Here is a more general approach. It is based on the 2D method from here. It assumes the polyhedron is not self-intersecting but imposes no requirement of convexity or even connectedness, other than that it be closed and bounded. Strictly speaking, I think this will work for an unbounded polyhedron provided it contains no vertical ray.

For ease of exposition consider that the object lies above the `x-y`

plane. The idea is to make a grid in the `x-y`

plane, and for each box figure out all triangles of the surface that at least partly lie over that box. This is done in a preprocessing step. It is a bit crude in that the code makes no effort to avoid overcounting, or to be "smart" about iterations that find cases where an entire grid box might be inside some triangle. We simple rule out duplicates at the end. It is possible (though I think I got this much correct) that some candidates actually do not intersect a claimed grid box. In practice if this is happening, it is not at a to an extent sufficien to cause bad speed issues.

Once given a point we use the grid box it lies over to find candidate triangles that a vertical line from `x-y`

plane to infinity, through that point, intersects. This may be a subset of the set of triangles we associated to that grid box in the preprocessing. Next figure out how many of these surface triangles the given point lies above. If even, it is outside, else inside.
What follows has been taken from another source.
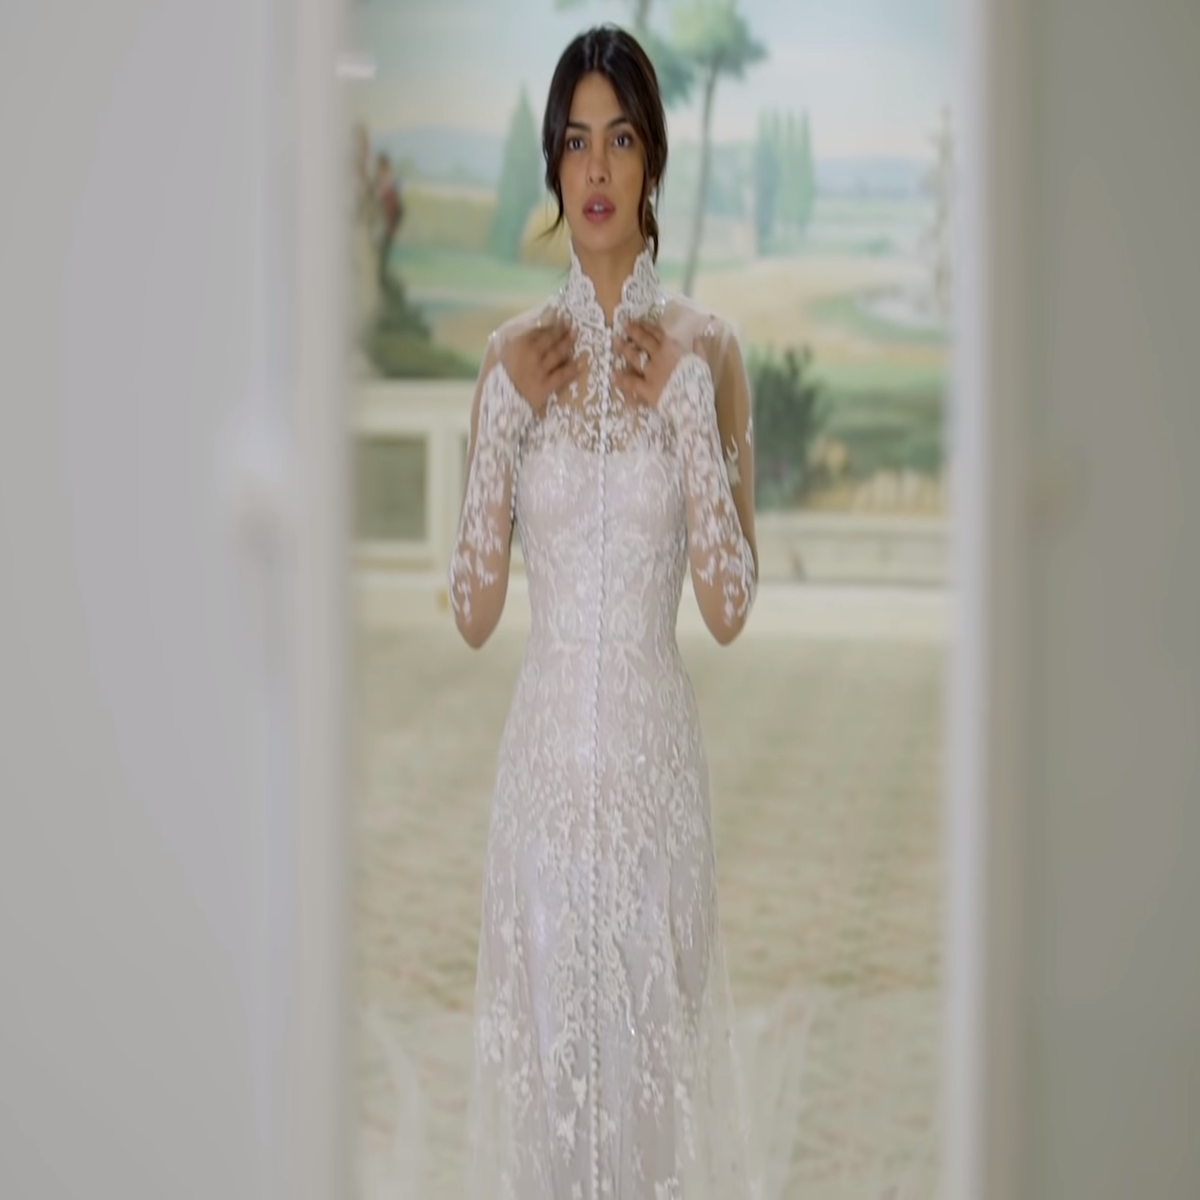 Ralph Lauren Reveals Details Hidden in Priyanka Chopra's Wedding

Once again I made no effort to encapsulate the code, and there are global variables used inside several functions. This could of course be improved if the end goal is to have generally robust production code. Also I took no great pain to speed the preprocessing. For a polyhedron of a few thousand triangles this part takes maybe a couple of seconds. Significantly larger examples will require either more patience or perhaps adept use of Compile.

I will say that I found a need to rotate the polyhedron ever so slightly to avoid a degenerate situation wherein a triangle in 3-space projects to a segment in the `x-y`

plane. That is to say, the preprocessing works with the rotated version. The strategy is to rotate the given points in the same way, and use them for the in-or-out testing, but plot the original polyhedron and test points. About all I can say is I hope I got this part correct. (The lack of 1/0 error messages, and a decent-looking plot, give me some confidence in this respect. But that warm feeling hardly a proof of correctness and for all I know might actually indicate incontinence.)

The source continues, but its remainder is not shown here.